This is a very fine-grained analysis of American political philosophies from colonial days up through the New Deal. About 75% of it sailed over my head, because Hartz presumes a working knowledge not just of Locke and a few other big names, but also dozens of smaller theorists, as well as knowledge of American and European political history. He name drops like crazy: Maistre, Filmer, Beard, Guizot, Fitzhugh, Babeuf, Bellamy, Mahan, Otis, just to mention a handful. If their names don't summon up the corresponding philosophies, good luck to you. He analyzes, but he doesn't explain. Though his writing style is engaging and his language clear, this is a work packed with allusions, for someone who already has a deep familiarity with the subject matter.
This is a really difficult book that would probably work better as an essay. Still, the main idea is really interesting. Hartz is trying to understand why the liberal tradition has been so dominant in American politics and culture and why Americans never developed a genuine socialist or fascist movement (i.e. politics between the 40 yard lines).
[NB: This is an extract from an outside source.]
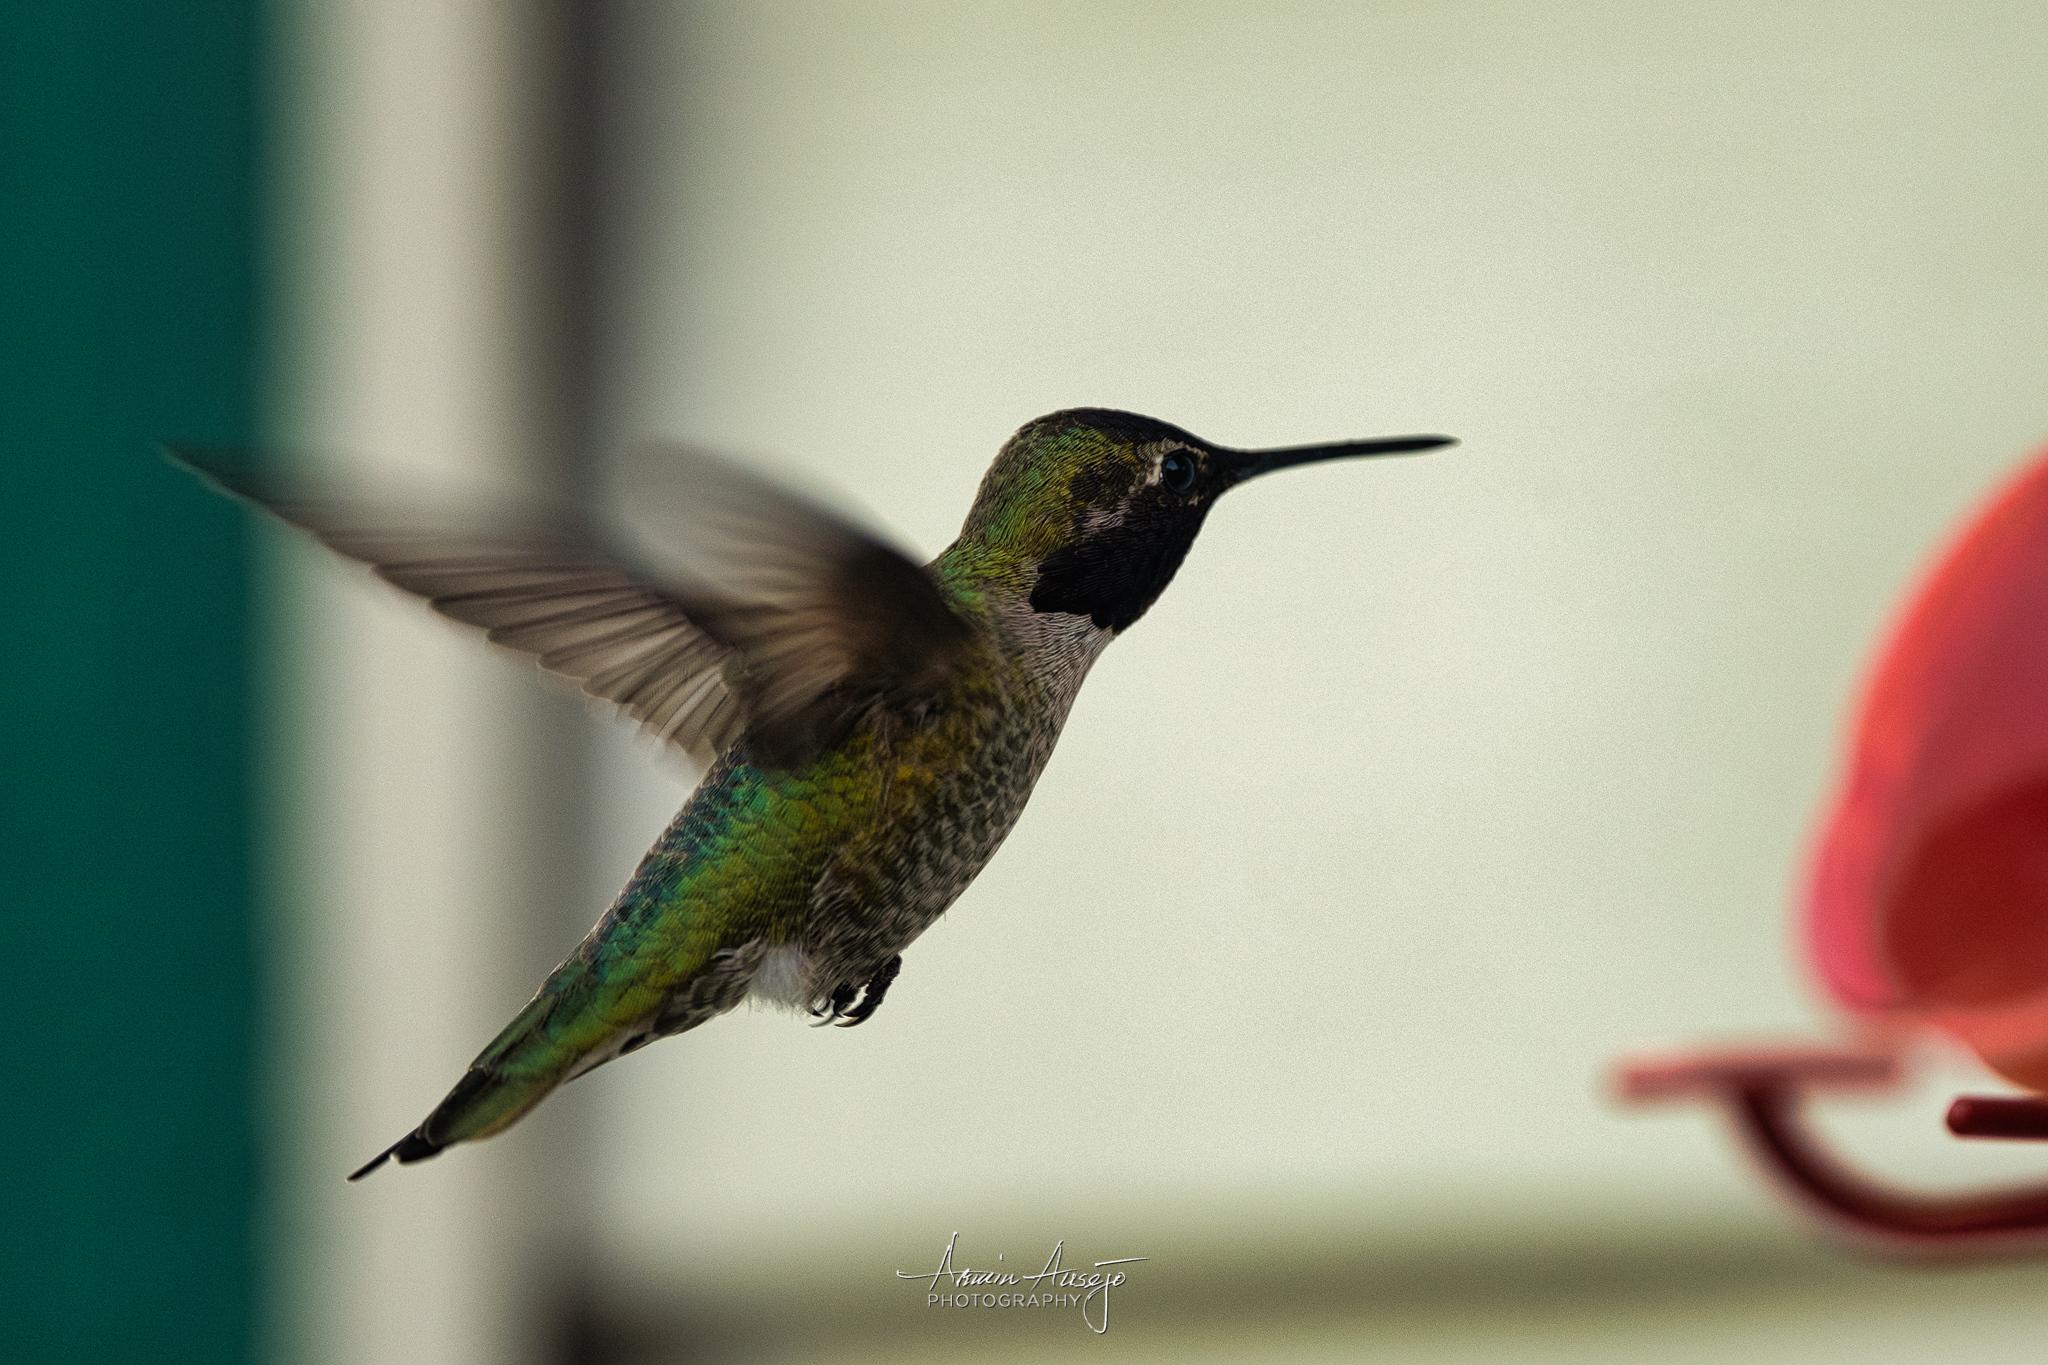 Hummingbird in flight with the Nikkor 300mm f/4E PF ED VR

Hartz does a disservice to his readers by not defining the liberal tradition, but he basically means that American politics has always followed the basic ideas of Locke, and all major parties have been within his classically liberal ideas. This separates America drastically from Europe, which has a far wider political spectrum. The task of the book is to explain this difference.
Hartz argues that the key to America's exceptional political tradition is the lack of a feudal past. As de Tocqueville says: "The great advantage of the Americans is that they have arrived at a state of democracy without having to endure a democratic revolution; and that they are born equal, instead of becoming so." The basic condition of male equality (leaving out women, slaves, and indentured servants, of course) meant that there never had to be a social revolution to even out the class structure, as most European societies experienced. Even if America wasn't liberal from the beginning, it became so rather quickly, and liberalism became an almost reflexive creed that Americans could hardly recognize in themselves because it was so ingrained. The lack of a feudal past and the basic condition of equal citizenship meant that the class consciousness on which socialism could rise was absent. Hartz says this is the ultimate reason why socialism never took hold in the US, even in terrible economic downturns such as the Great Depression. Europe, in contrast, had a far more class-driven politics because of its feudal past and the persistence of aristocratic power well into the late 19th century.
While the ideas in this book are fascinating, most of the book is really confusing. Hartz just name drops a lot of philosophers and political figures in a way that only a few experts could understand. His intellectual snobbery seemed to have prevented him from writing an intelligible book. If you want to get Hartz's argument, I recommend finding some readings about it rather than actually reading it.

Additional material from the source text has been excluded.